Le chien est moins sensibilisant que le chat. Les squames sont plus allergisantes que la salive, le sérum et l'urine de l'animal. Il existe une spécificité d'espèce, contrairement au chat. Le boxer et le schnauzer sont les plus allergisants. Les caniches, par contre, sont peu allergisants. Il existe une allergie croisée avec le chacal et le loup. Les symptômes principaux sont la rhinite et l'asthme. Dans un travail portant sur 203 enfants asthmatiques non sélectionnés, l'incidence des sensibilisations aux chiens varient entre 41 et 69% selon le critère utilisé. Dans une autre étude, les enfants exposés aux chiens durant la première année de vie ne développent pas ultérieurement une allergie plus fréquemment que ceux qui ne sont pas exposés.
Les squames et poils de chevaux sont très allergisants. Les squames de cheval engendrent des allergies violentes, notamment des crises d'asthme sévères. Le crin de cheval se trouve dans les matelas, les fauteuils et même dans le plâtre des maisons anciennes. Il existe une allergie croisée avec le zèbre, le mulet, l'âne et le poney.

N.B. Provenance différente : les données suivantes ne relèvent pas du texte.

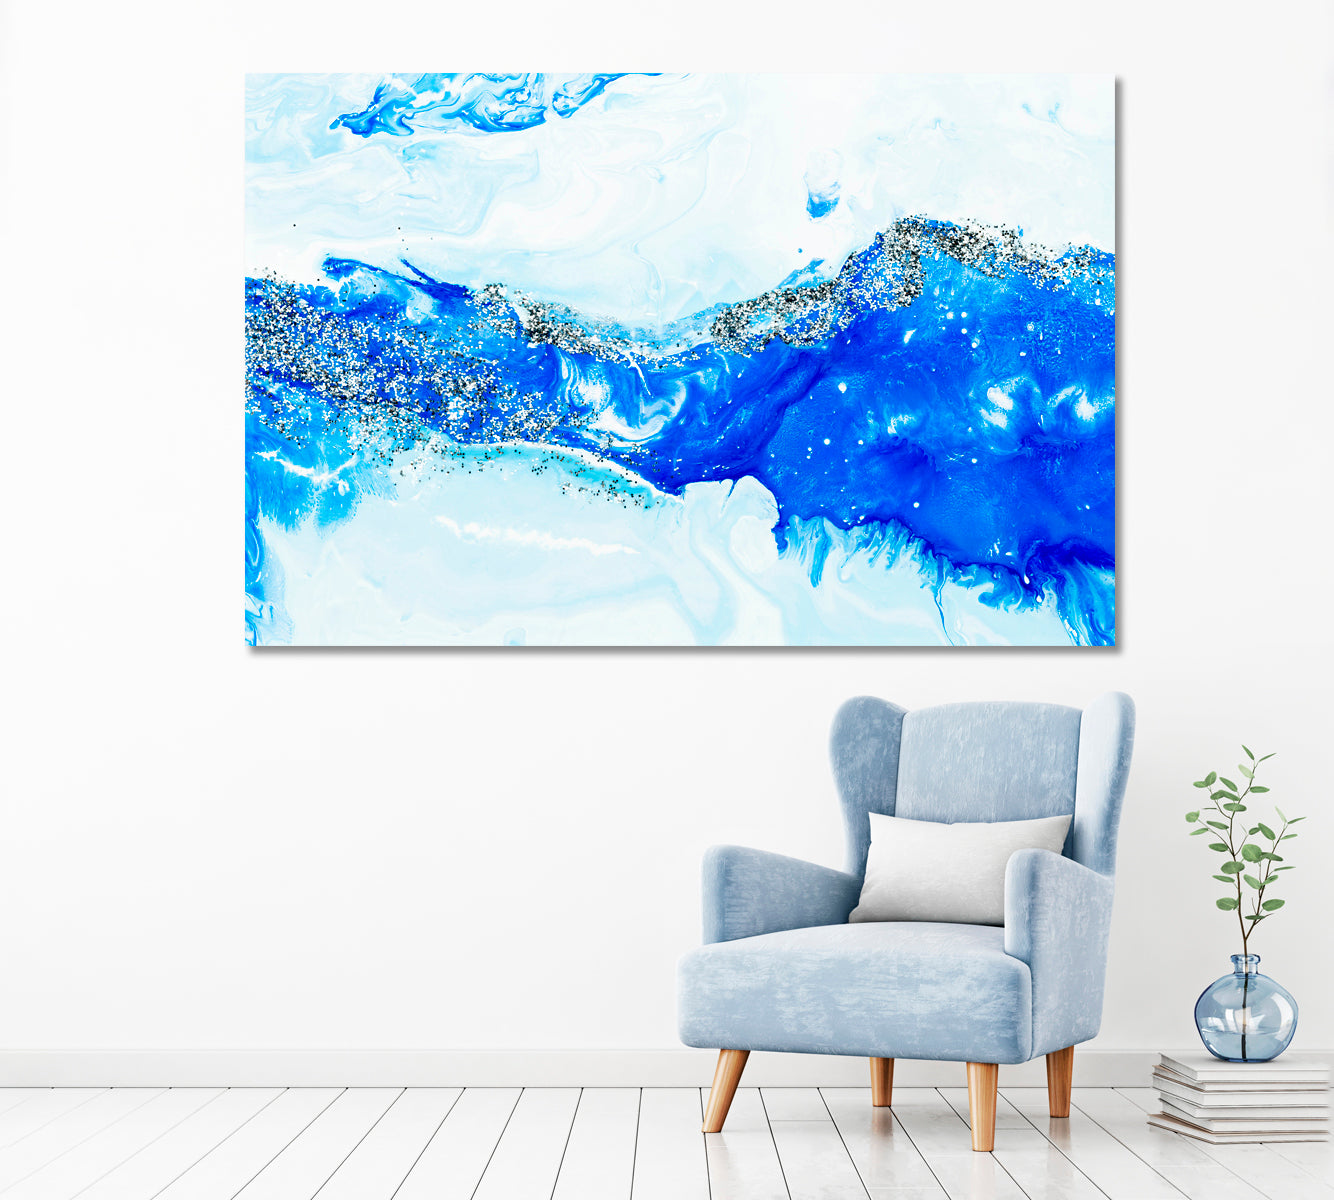 Abstract Blue Ocean with Silver Glitter Canvas Print ArtLexy 1 Panel 24"x16" inches

"La fréquence de l'allergie au cheval est en augmentation. Les signes d'appel sont par ordre de fréquence la conjonctivite (64%), l'asthme (54%), le coryza spasmodique (40%), puis divers symptômes tels que angioedème, urticaire, eczéma (au total 18%). Le diagnostic est simple devant l'anamnèse, la positivité des prick-tests avec une induration supérieure à 5 mm, parfois "explosifs", et par le dosage des IgE sériques spécifiques qui est positif de façon pratiquement constante. Il s'agit en règle de sujets polysensibilisés. Le plus souvent (80%) cette allergie survient à l'extérieur des maisons (centres équestres), mais elle peut aussi se manifester par le seul contact avec les vêtements d'un cavalier ramenés à la maison ou avec ceux d'un père vétérinaire. On a pu également noter cette allergie dans les centres de réadaptation pour les infirmes moteurs cérébraux où l'on pratique l'équithérapie. L'éviction doit être conseillée en tout premier lieu. Si elle est matériellement impossible (enfant très attaché à son animal favori) ou aléatoire (vétérinaire), un traitement par les antihistaminiques de dernière génération et le cromoglycate disodique ou le nédocromil mérite d'être entrepris. En cas de résultat partiel, l'hyposensibilisation spécifique peut être proposée" (Dutau G.).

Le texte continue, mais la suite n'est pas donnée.